What is expected = With the pictures left out, print exactly the lines below that run from the one containing "Exabotix Atlas LiDAR" through the one containing "Šatní skříň s".

Task inputs =
◆ ◆ ◆ ◆ ◆

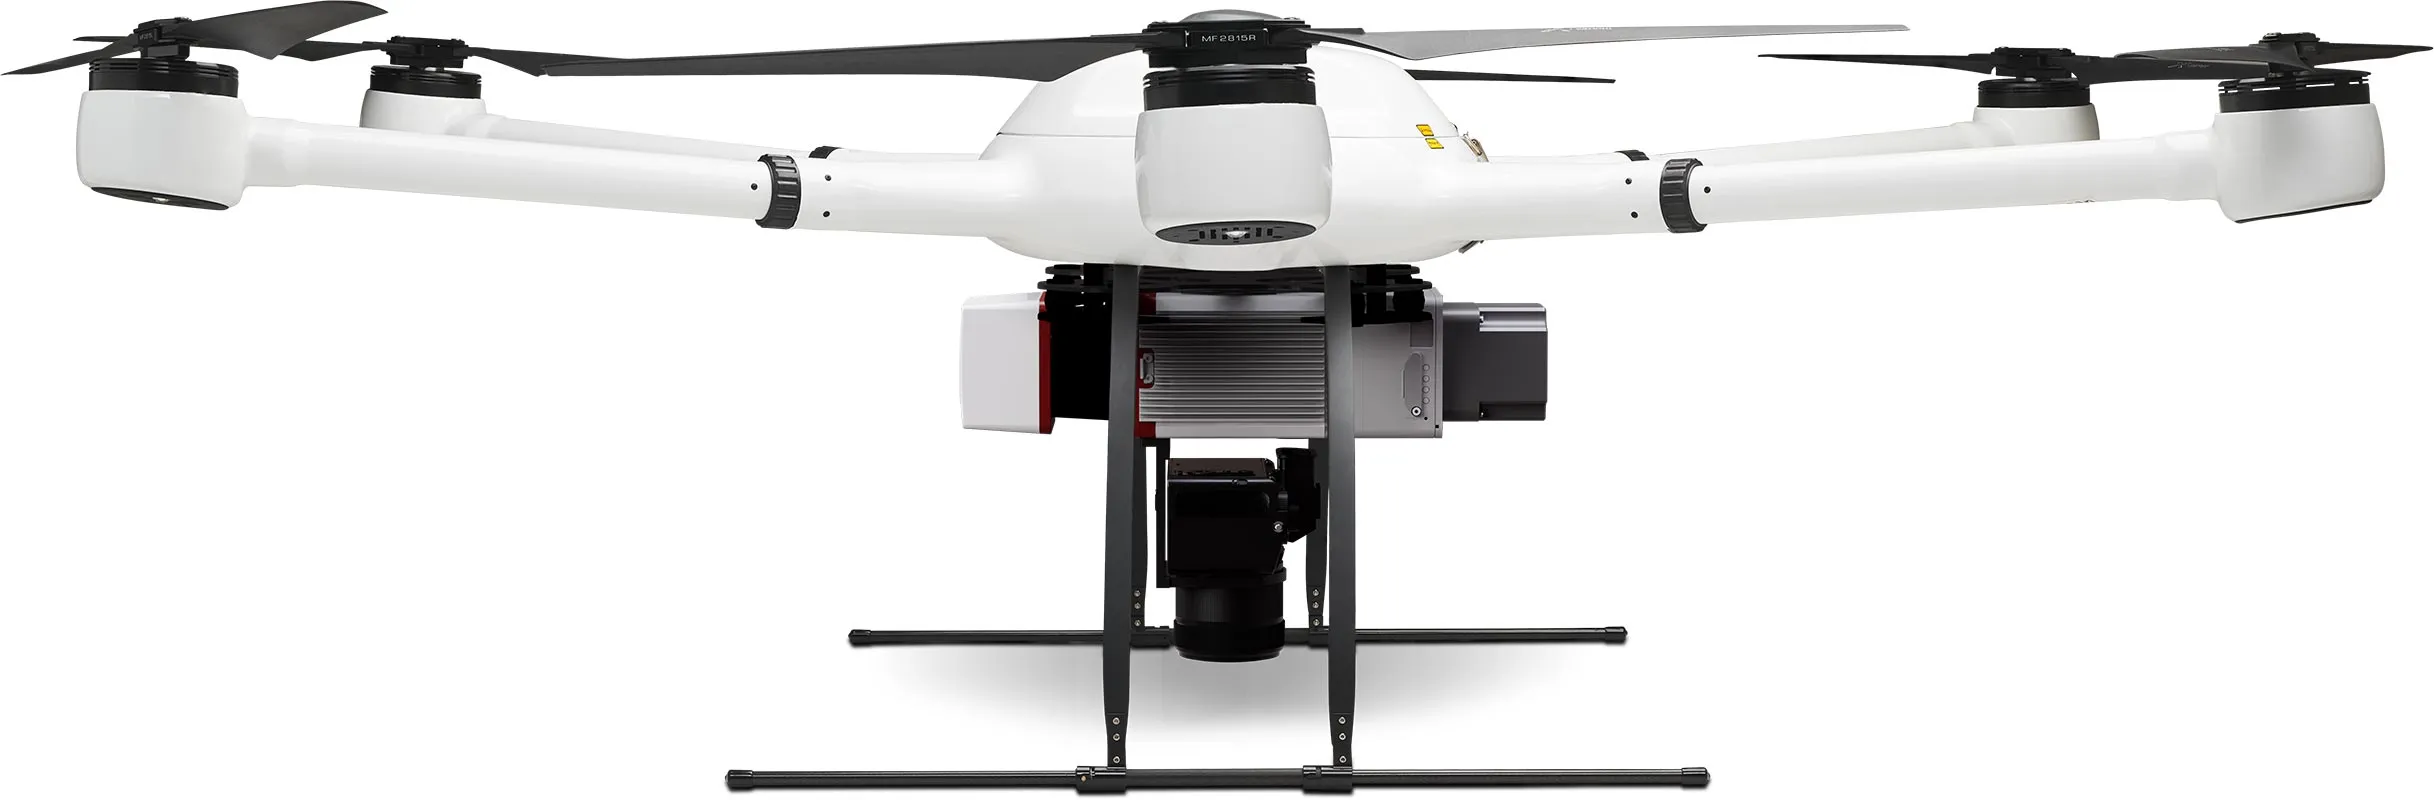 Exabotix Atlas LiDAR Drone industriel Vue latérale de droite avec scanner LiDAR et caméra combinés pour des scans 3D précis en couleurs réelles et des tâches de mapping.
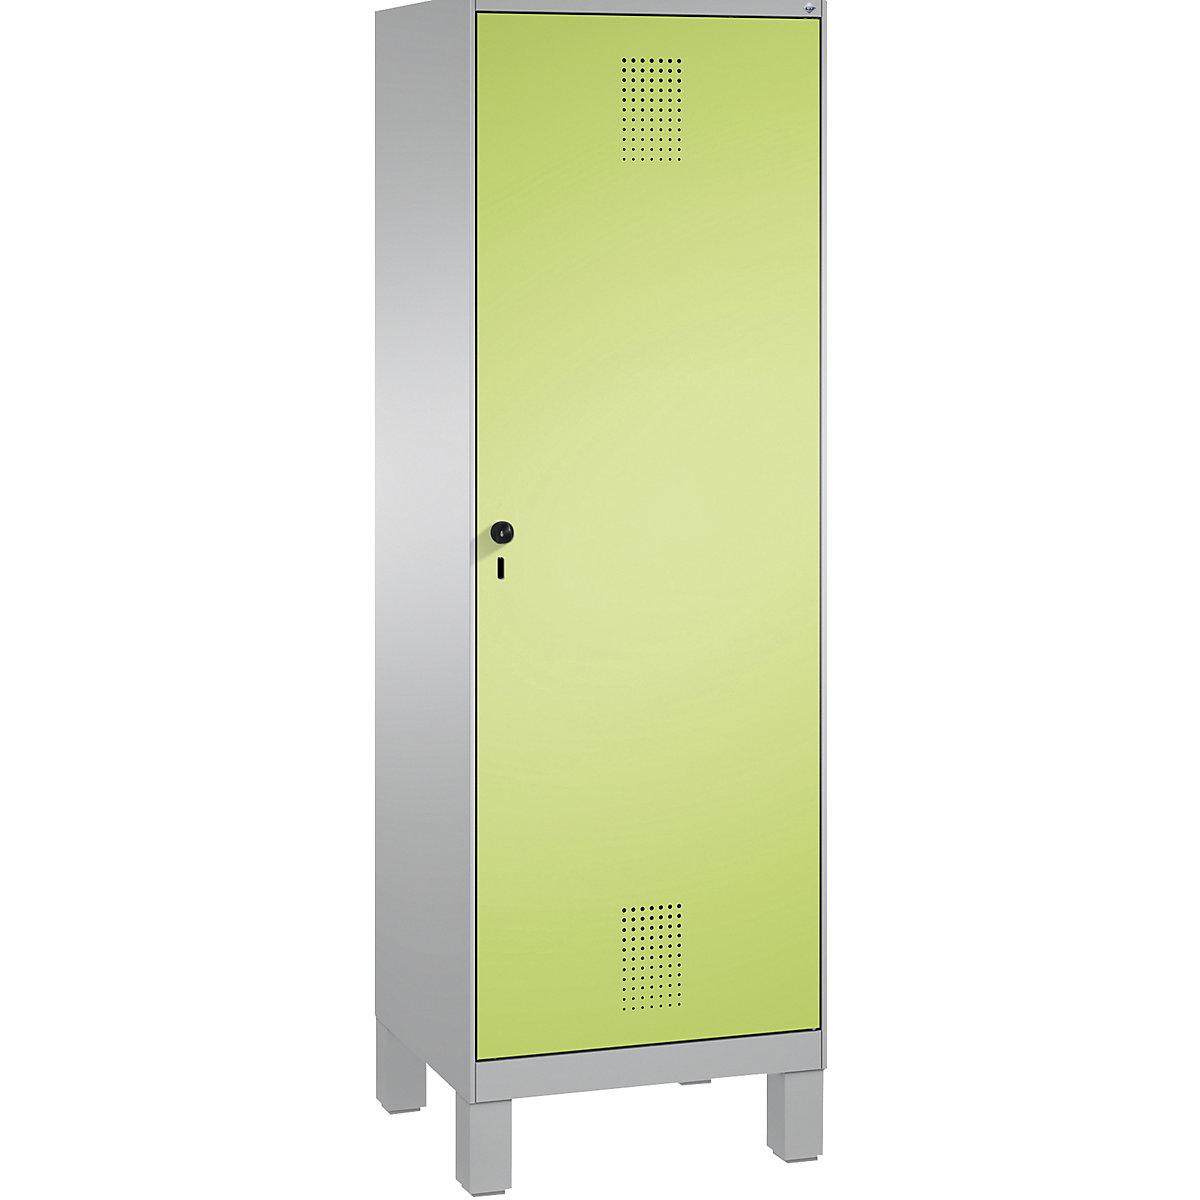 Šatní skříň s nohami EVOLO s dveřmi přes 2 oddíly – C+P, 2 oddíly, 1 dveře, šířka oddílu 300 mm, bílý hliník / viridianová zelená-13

◆ ◆ ◆ ◆ ◆

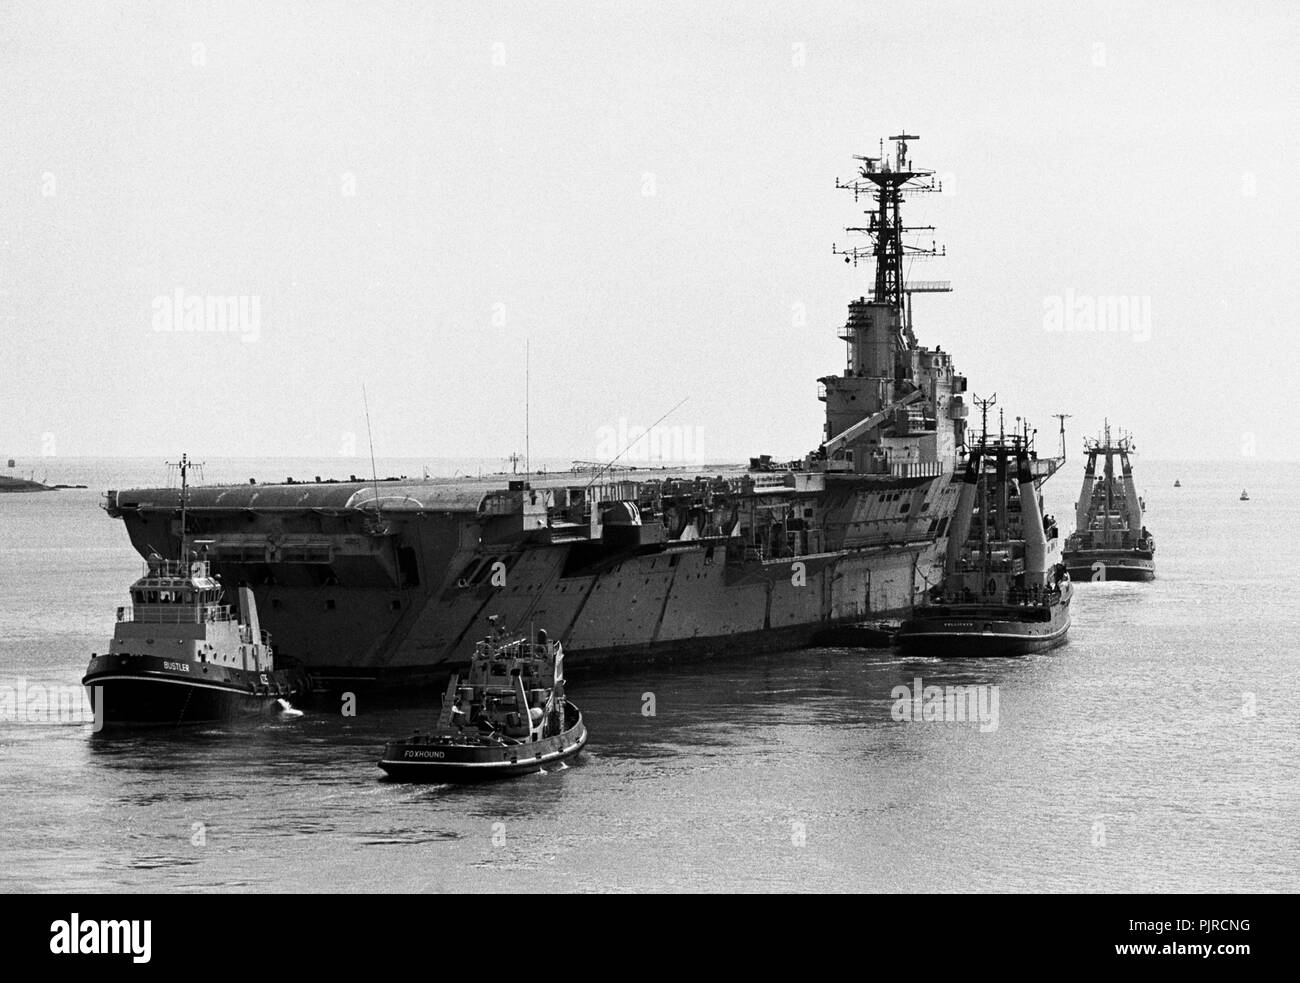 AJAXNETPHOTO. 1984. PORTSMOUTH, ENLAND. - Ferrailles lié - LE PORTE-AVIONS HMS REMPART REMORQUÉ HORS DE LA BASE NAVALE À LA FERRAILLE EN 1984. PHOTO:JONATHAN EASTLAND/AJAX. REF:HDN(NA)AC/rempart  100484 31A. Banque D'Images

◆ ◆ ◆ ◆ ◆

Your response =
 Exabotix Atlas LiDAR Drone industriel Vue latérale de droite avec scanner LiDAR et caméra combinés pour des scans 3D précis en couleurs réelles et des tâches de mapping.
 Šatní skříň s nohami EVOLO s dveřmi přes 2 oddíly – C+P, 2 oddíly, 1 dveře, šířka oddílu 300 mm, bílý hliník / viridianová zelená-13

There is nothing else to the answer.